— Supplied material —
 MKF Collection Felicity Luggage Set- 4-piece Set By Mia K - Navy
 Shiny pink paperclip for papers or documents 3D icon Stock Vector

...

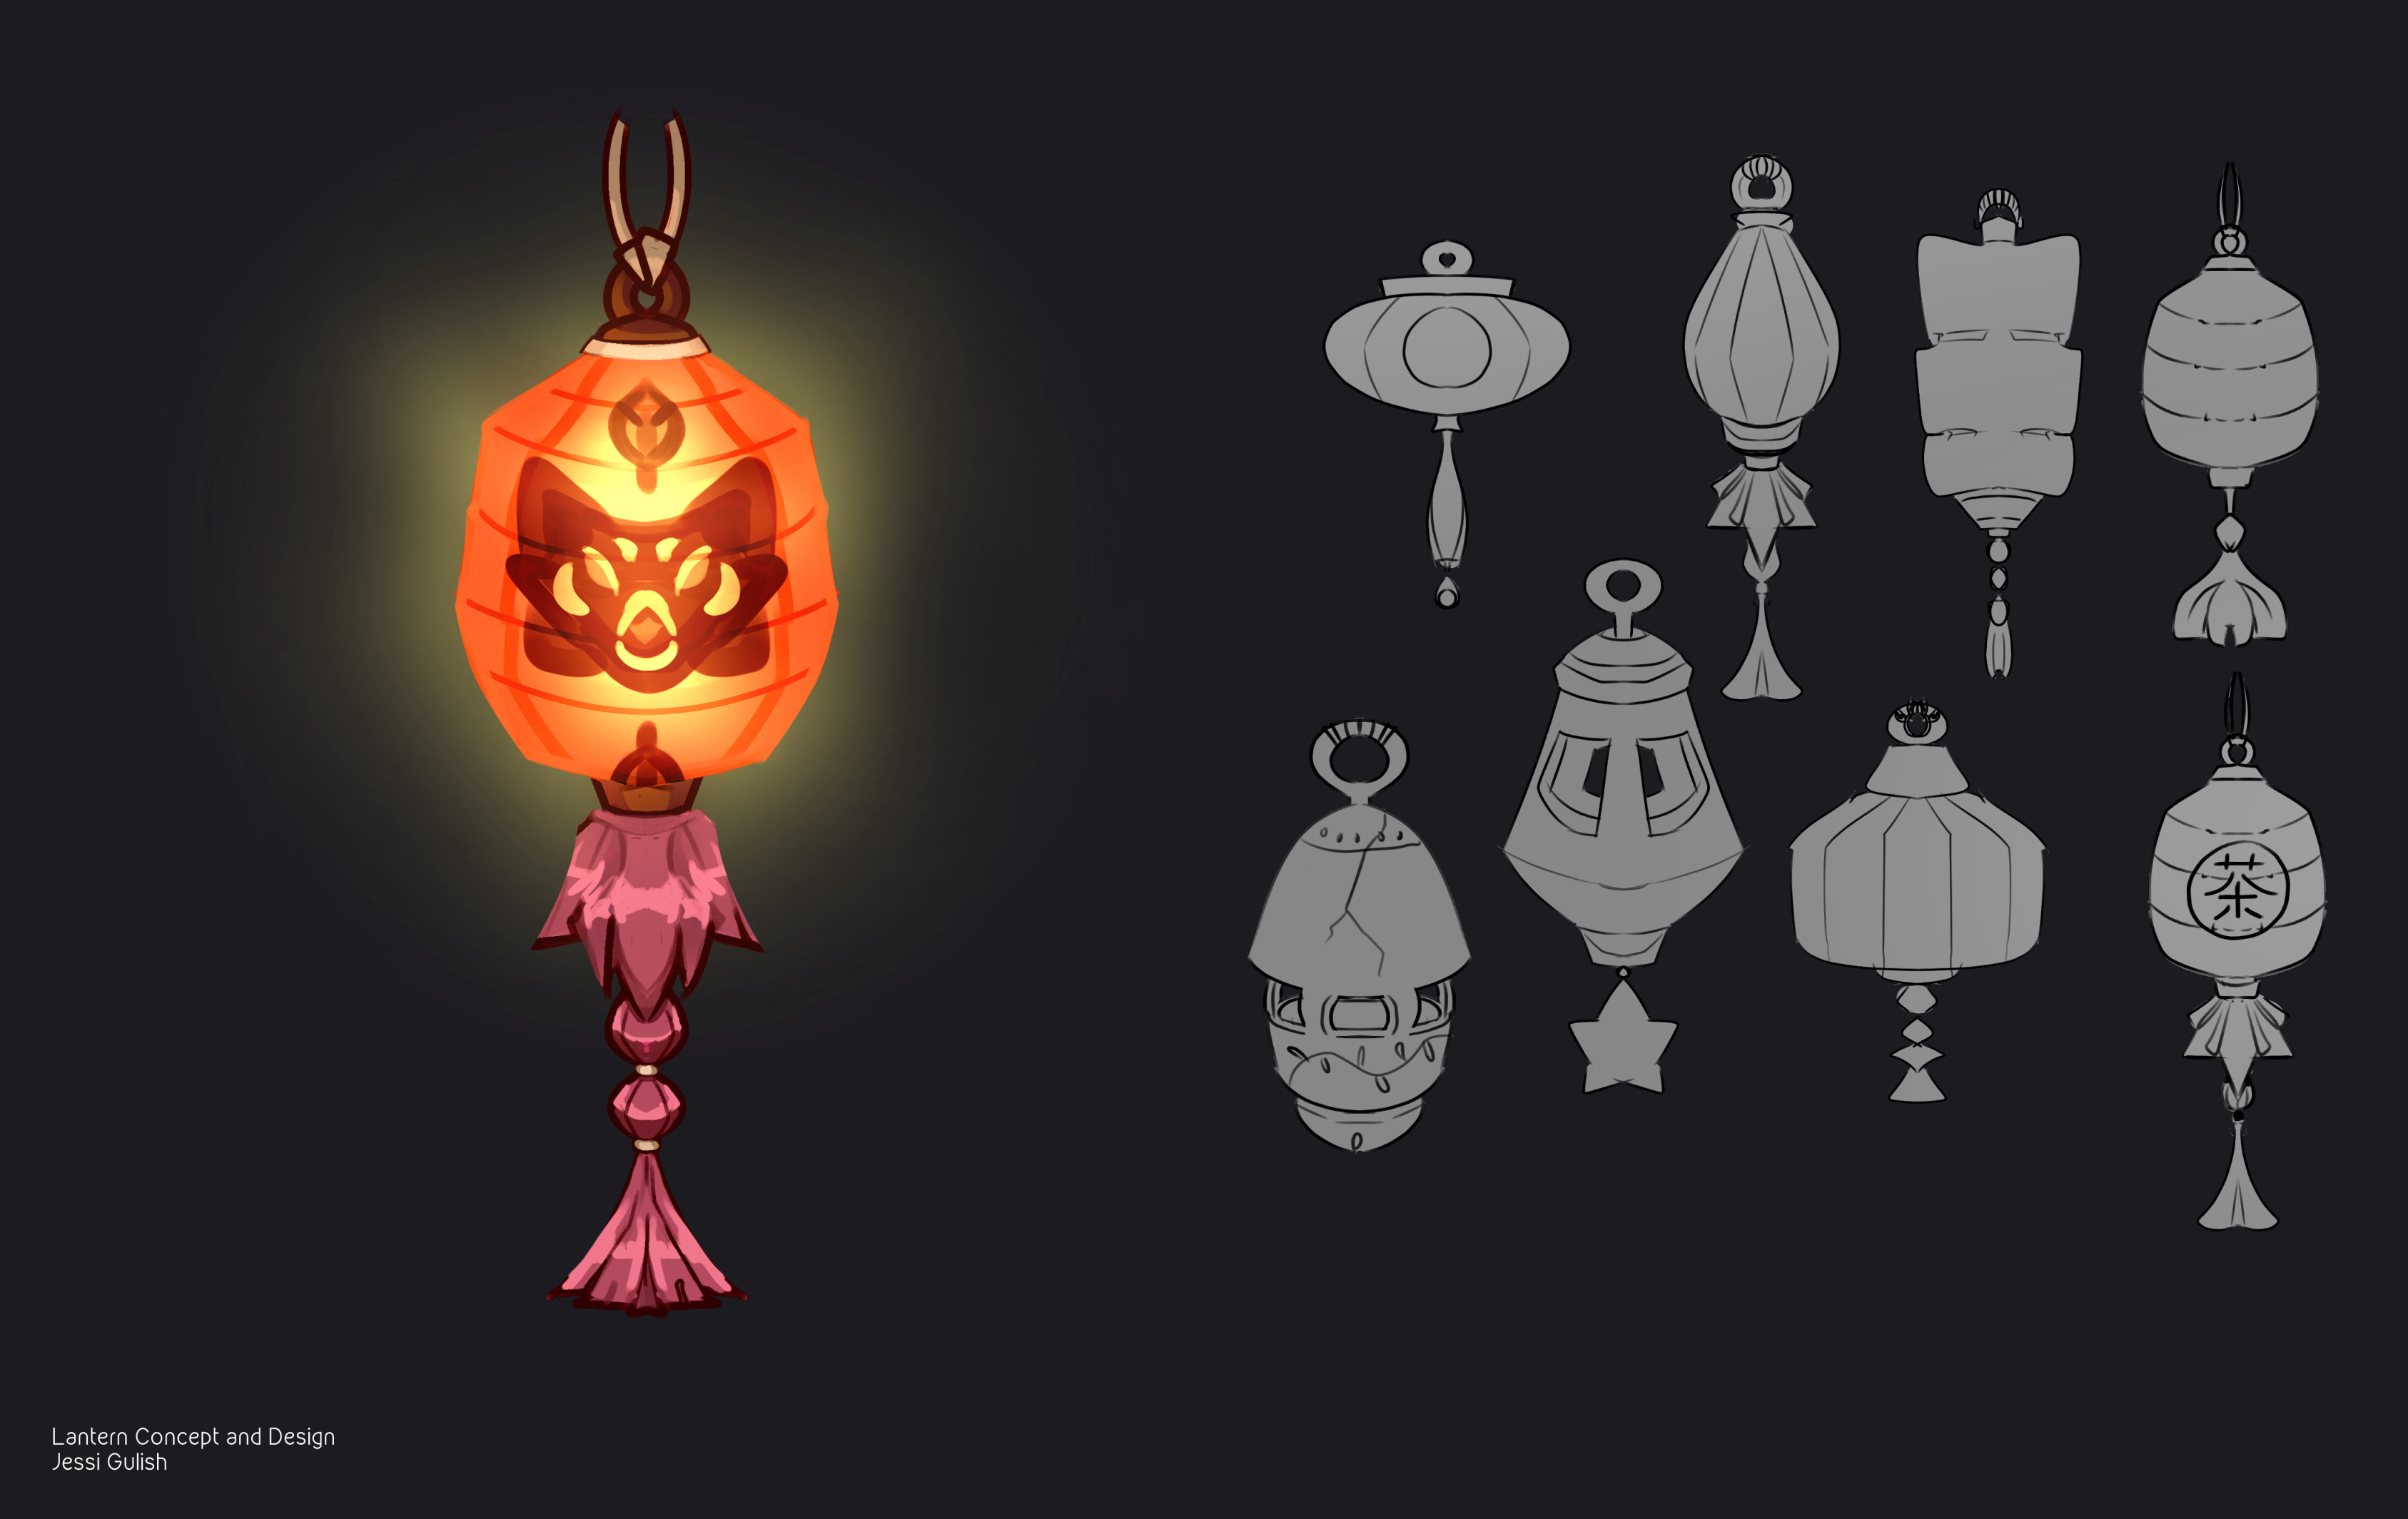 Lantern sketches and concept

— Work to be completed —
Please give back, exactly as it stands above, the stretch from the line with "MKF Collection Felicity" through the line with "Shiny pink paperclip", and no line outside it.

— Answer section —
 MKF Collection Felicity Luggage Set- 4-piece Set By Mia K - Navy
 Shiny pink paperclip for papers or documents 3D icon Stock Vector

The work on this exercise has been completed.